- Task brief:
Below is a listing; retype exactly the line with "Maypole with colorful" and every line after it through the end, and only those, leaving out the pictures.

- Data excerpt:
○ ○ ○ ○

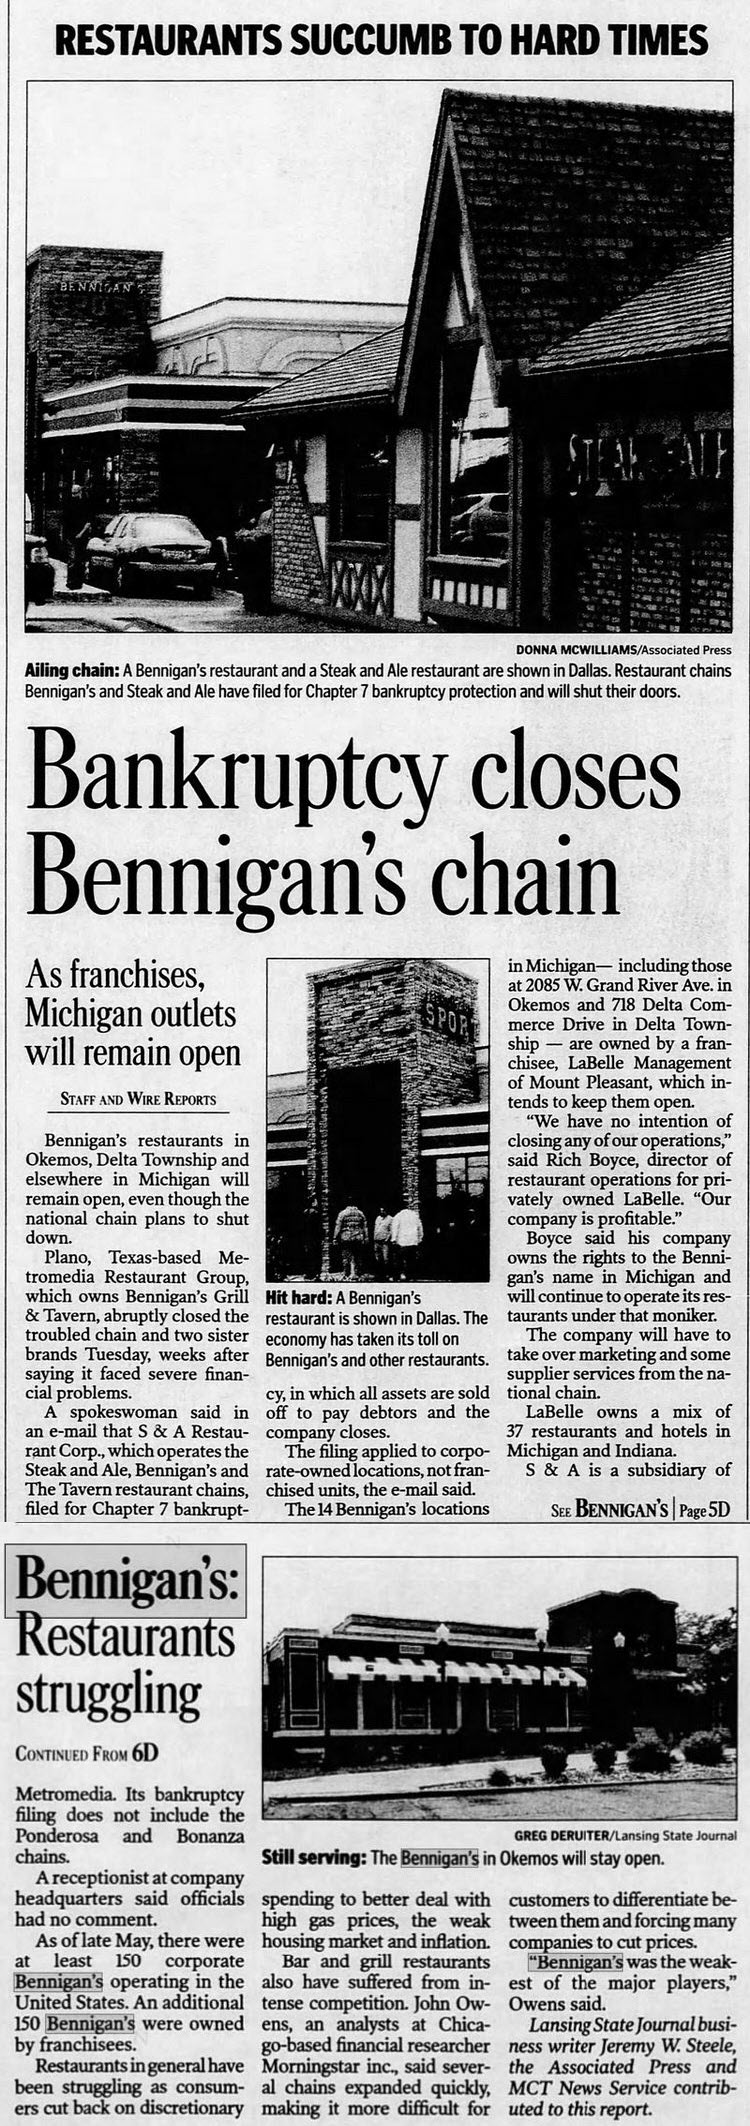 Bennigan’s - Jul 30 2008 Article On Bankruptcy
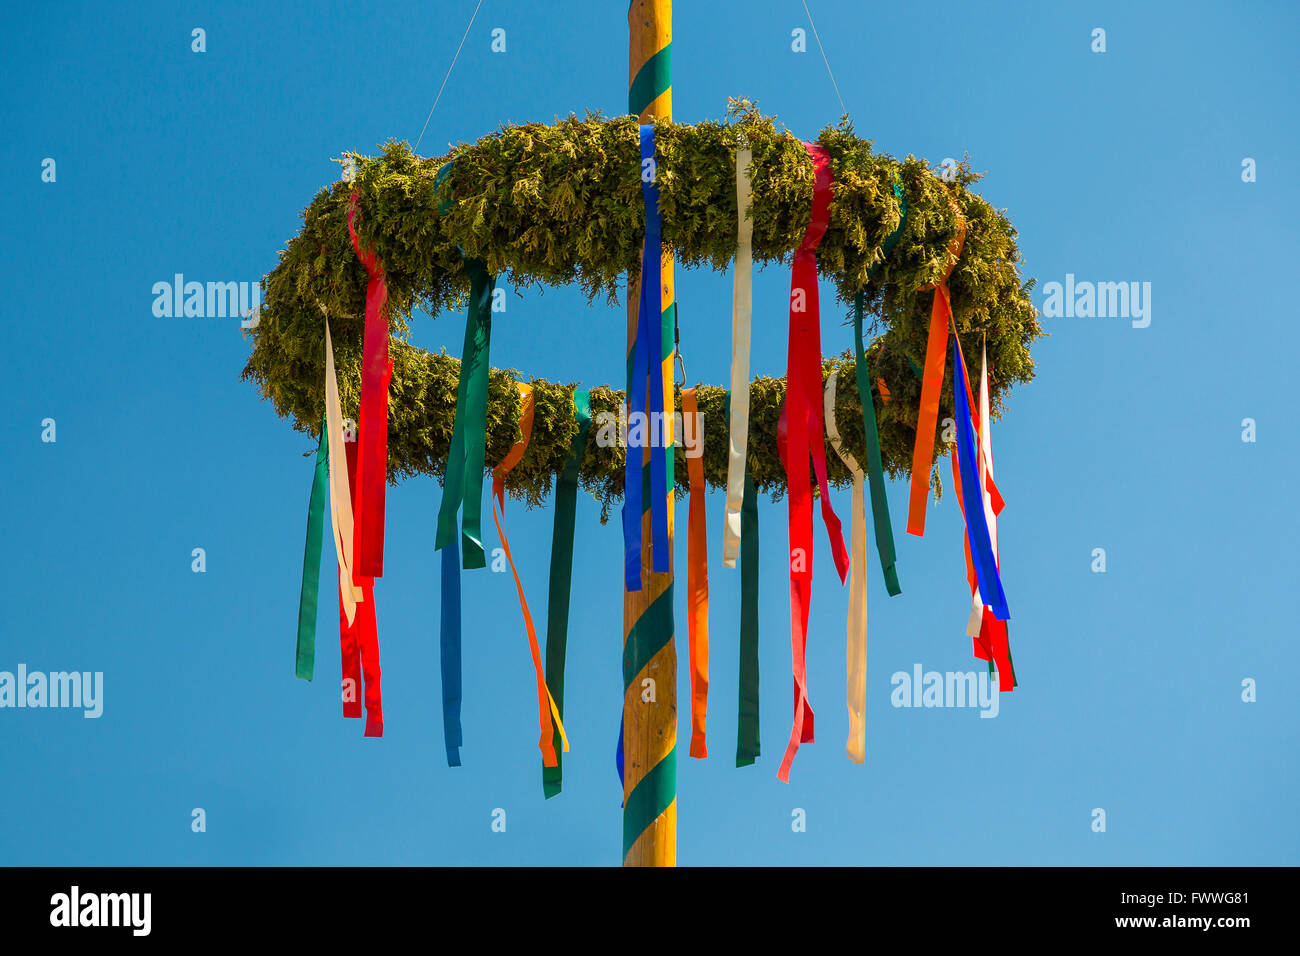 Maypole with colorful ribbons, Coswig-Kötitz, Saxony, Germany Stock Photo
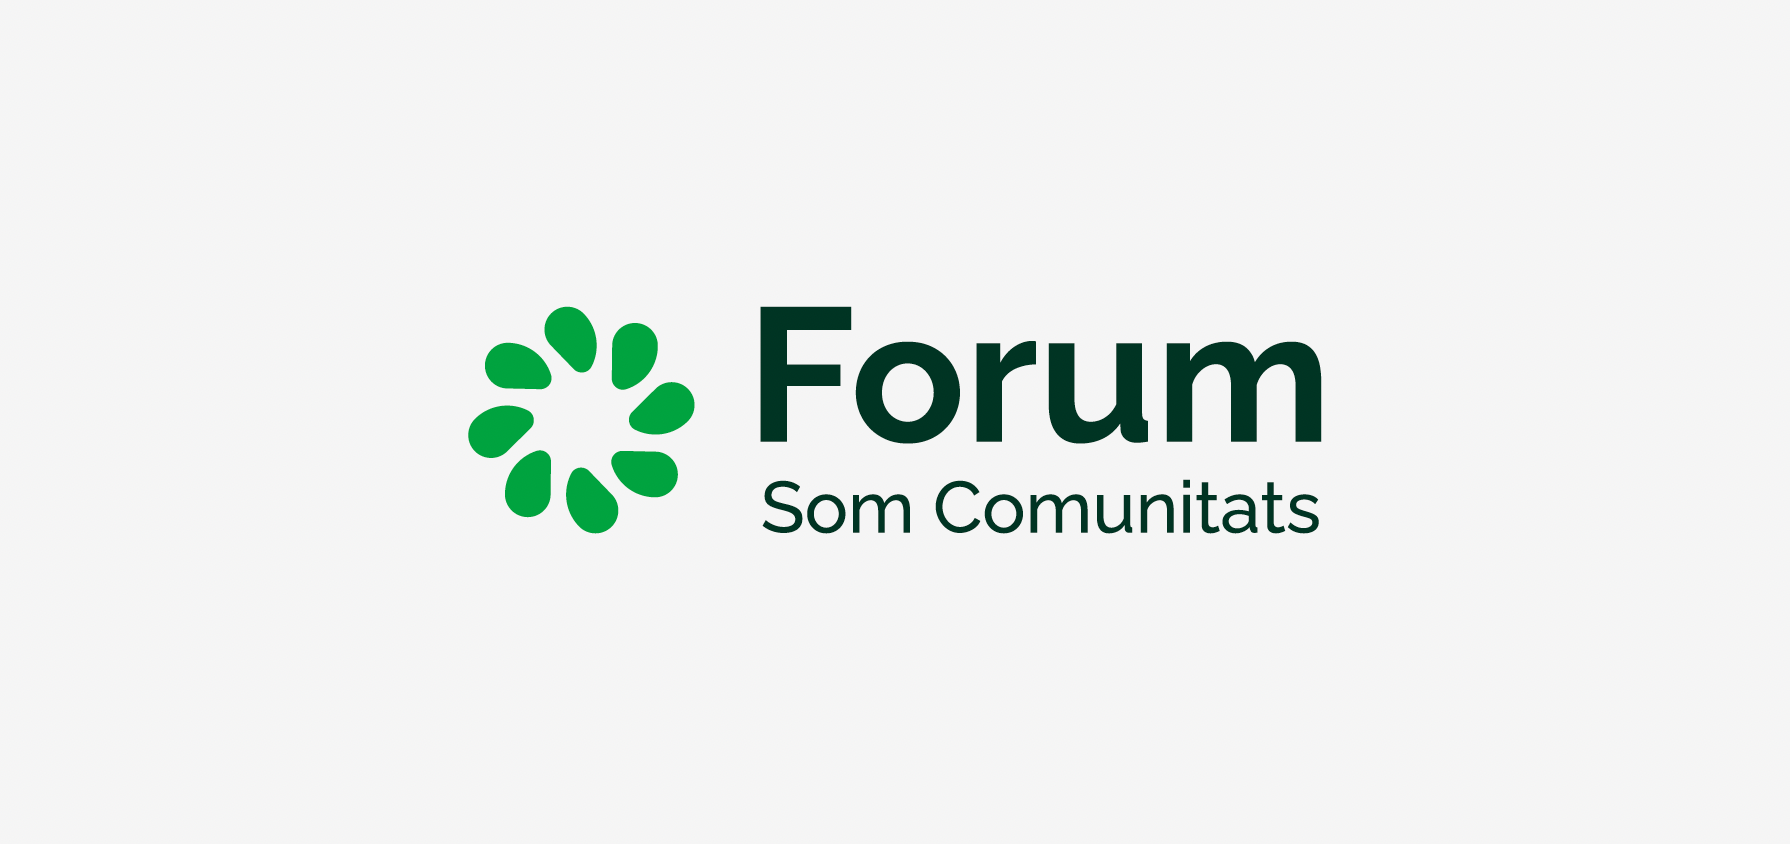 Presentamos el Forum para Comunidades Energéticas

○ ○ ○ ○

- Solution to this problem:
 Maypole with colorful ribbons, Coswig-Kötitz, Saxony, Germany Stock Photo
 Presentamos el Forum para Comunidades Energéticas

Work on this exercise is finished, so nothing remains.